Should I just run back to function pointers?
Thank you very much for your time!
I try to understand how to use std::tolower...
#include <iostream>
#include <string>
#include <algorithm>
#include <locale>
int main()
{
std::string test = "Hello World";
std::locale loc;
for (auto &c : test)
{
c = std::tolower(c, loc);
}
std::transform(test.begin(), test.end(), test.begin(), ::tolower); // 1) OK
std::transform(test.begin(), test.end(), test.begin(), std::tolower); // 2) Cryptic compile error
std::transform(test.begin(), test.end(), test.begin(), static_cast<int(*)(int)>(std::tolower)); // 3) Cryptic compile error. Seems OK with other compilers though
return 0;
}
So:
Why ::tolower version is working?
Why std::tolower is not working in std::transform?
What static_cast<int(*)(int)>(std::tolower)) really is trying to do? Why
does it work with GCC and not with Visual Studio 2013?
How could I use std::lower in std::transform with Visual Studio 2013 then?
First off, note, that none of these approaches does the right thing in a portable way! The problem is that char may be signed (and typically is) but the versions of tolower() only accept positive values! That is you really want to use std::tolower() using something like this:
std::transform(test.begin(), test.end(), test.begin(),
[](unsigned char c) { return std::tolower(c); });
(or, of course, using a corresponding function object if you are stuck with C++03). Using std::tolower() (or ::tolower() for that matter) with a negative value results in undefined behavior. Of course, this only matters on platform where char is signed which seems, however, to be the typical choice.
To answer your questions:
When including <cctype> you typically get the various functions and types from the standard C library both in namespace std as well as in the global namespace. Thus, using ::tolower normally works but isn't guaranteed to work.
When including <locale>, there are two versions of std::tolower available, one as int(*)(int) and one as char(*)(char, std::locale const&). When using just std::tolower the compiler has generally no way to decide which one to use.
Since std::tolower is ambiguous, using static_cast<int(*)(int)>(std::tolower) disambiguates which version to use. Why use of static_cast<...>() with VC++ fails, I don't know.
You shouldn't use std::tolower() with a sequences of chars anyway as it will result in undefined behavior. Use a function object using std::tolower internally on an unsigned char.
It is worth noting that using a function object rather than a function pointer is typically a lot faster because it is trivial to inline the function object but not as trivial to inline the function pointer. Compilers are getting better with inlining the use of function pointers where the function is actually known but contemporary compilers certainly don't always inline function calls through function pointers even if all the context would be there.
std::tolower is overloaded in C++, it's declared in <cctype> as
int tolower(int);
and also in <locale> as
template<CharT> CharT tolower(CharT, const locale&);
so when you say "std::tolower" you get an ambiguous reference to an overloaded function.

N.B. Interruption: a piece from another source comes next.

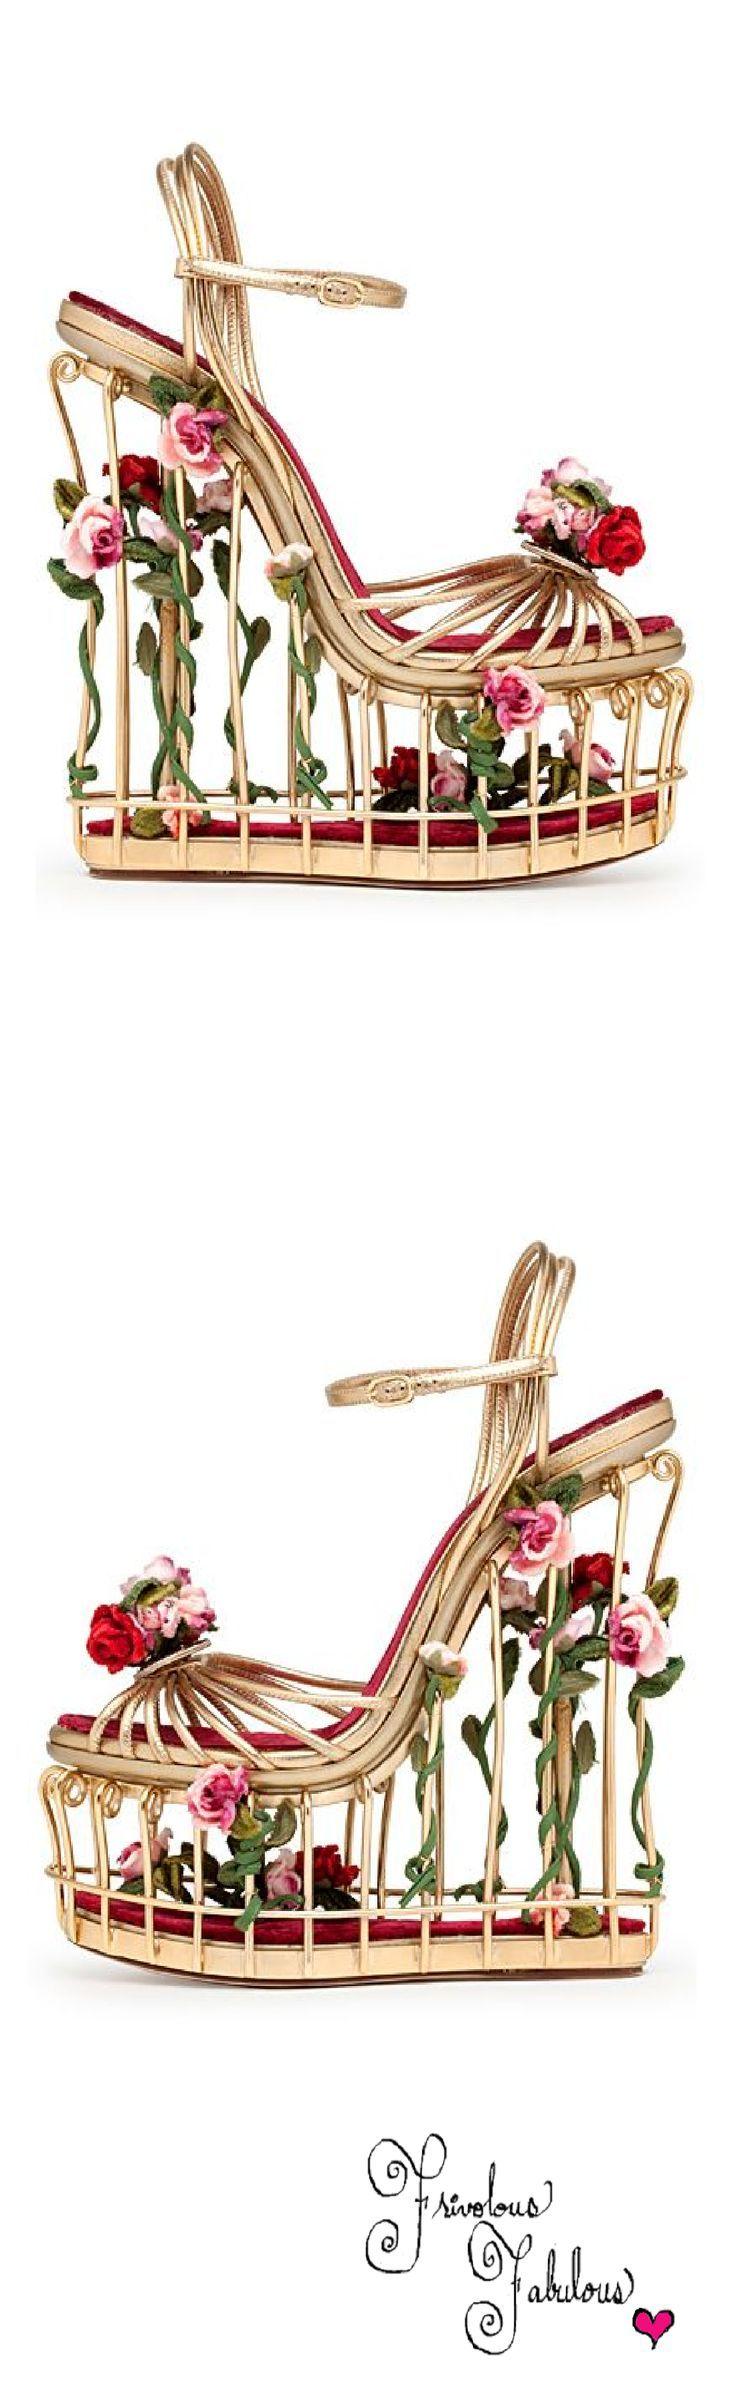 Frivolous Fabulous - Dolce & Gabbana Spring Summer 2013

Why ::tolower version is working?
When you include <cctype> the one-argument overload is declared in namespace std and might also be declared in the global namespace, depending on the compiler. If you include <ctype.h> then it's guaranteed to be included in the global namespace, and ::tolower will work (although note Dietmar's points about when it's not safe). The two-argument overload from <locale> is never declared in the global namespace, so ::tolower never refers to the two-argument overload.
2. Why std::tolower is not working in std::transform?
See above, it's an overloaded name.
3. What static_cast<int(*)(int)>(std::tolower)) really is trying to do?
It tells the compiler you want the int std::tolower(int) overload, not any other overload of std::tolower.
Why does it work with GCC and not with Visual Studio 2013?
Probably because you didn't include <cctype>, or (less likely) it could be a Visual Studio bug.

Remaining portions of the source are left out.